Starmer's Labour, perhaps. There was a chance at a better Labour, and the Telegraph's writers in unison pretty much agreed it was worth siding with the Tories and general establishment on tearing that version of Labour down. Yourself included, I'd imagine :)
 

Hey, whaddya know, private sector price gouging. Now, what did the French do about this . . .

Bought out our energy companies so they can gouge us directly?

But if it is built, it would, with the most expensive electricity in the European region, almost certainly lose money.

Doesn't industry get different prices to us plebs?
 
You of all folks should know better than to indulge in poor generalisations :)

Not what I was referring to. EDF is one of the UK's biggest power generators. Wholly owned by... the French State.

I think they are making us pay back reparations for the 100 year war.
 
Not what I was referring to. EDF is one of the UK's biggest power generators. Wholly owned by... the French State.

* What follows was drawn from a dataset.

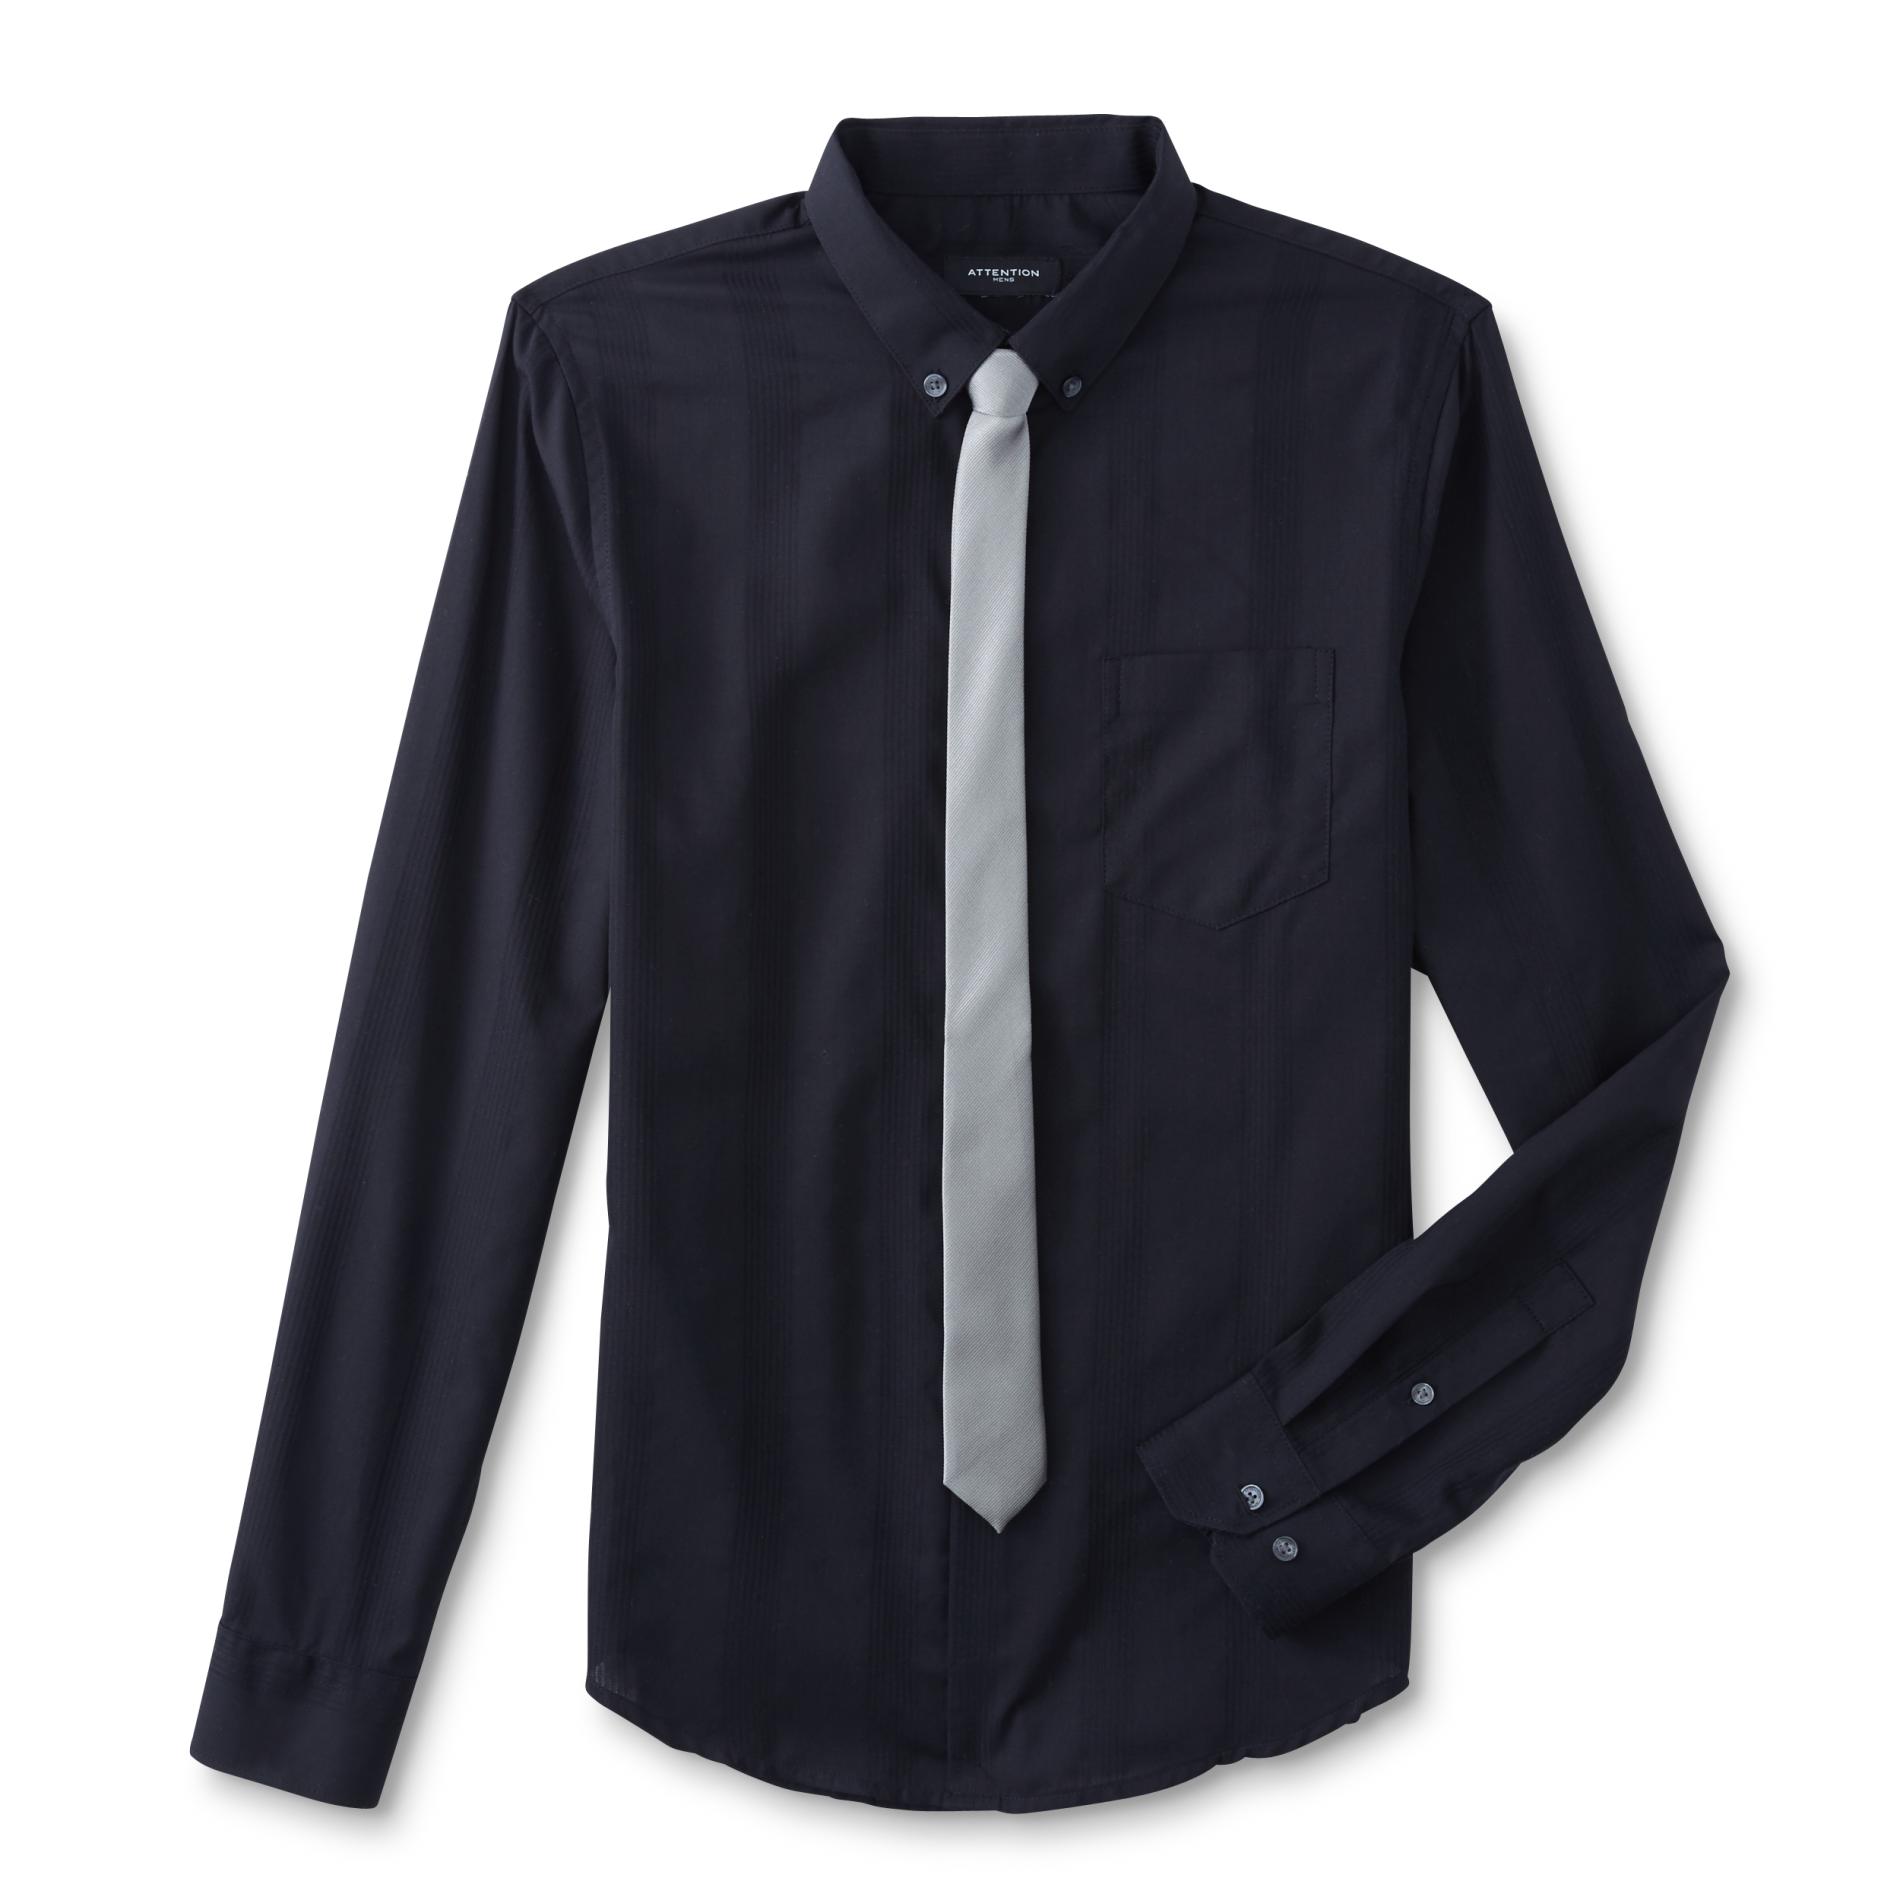 Attention Men's Dress Shirt & Necktie - Herringbone Striped

I think they are making us pay back reparations for the 100 year war.
I know what you're referring to. I don't think much of conspiracy theories. For adherents of free-market capitalism, if they are squeezing us, it's because they did capitalism better than us, after all.

What I linked is what I was referring to, when I asked the question originally. The French did what they normally do, and the government actually did something about the problem. It's fascinating how well that works for them. We should try it, instead of being constant bootlickers to the state (which never seems to achieve anything).
 
RAF bases are hotspots of ‘forever chemical’ groundwater pollution, MoD documents show

RAF bases are hotspots of toxic “forever chemical” pollution in water, analysis of Ministry of Defence documents has revealed.

Moreover, some of the highest concentrations of these chemicals in British drinking water sources are near RAF bases.

For context, the maximum allowable level for drinking water in England is 100ng/l, above which water may pose health risks.

RAF Waddington, which lies in a drinking water supply area, has groundwater contamination at more than five times the maximum allowable drinking water levels.

At RAF Coningsby, PFOS levels were recorded at 3,550ng/l. The report said that other PFAS compounds may bio-transform and oxidise into PFOS and other PFAS, potentially escalating contamination in surface and groundwater to a maximum level of 164,317ng/l.

Harry Watts, a 74-year-old RAF veteran who has leukaemia, said they were told in regiment lectures that they were safer than civilians because they used their own drinking water supply. But he now fears the water was contaminated because the aquifer sits below the fire training ground, where large amounts of firefighting foam was used for decades.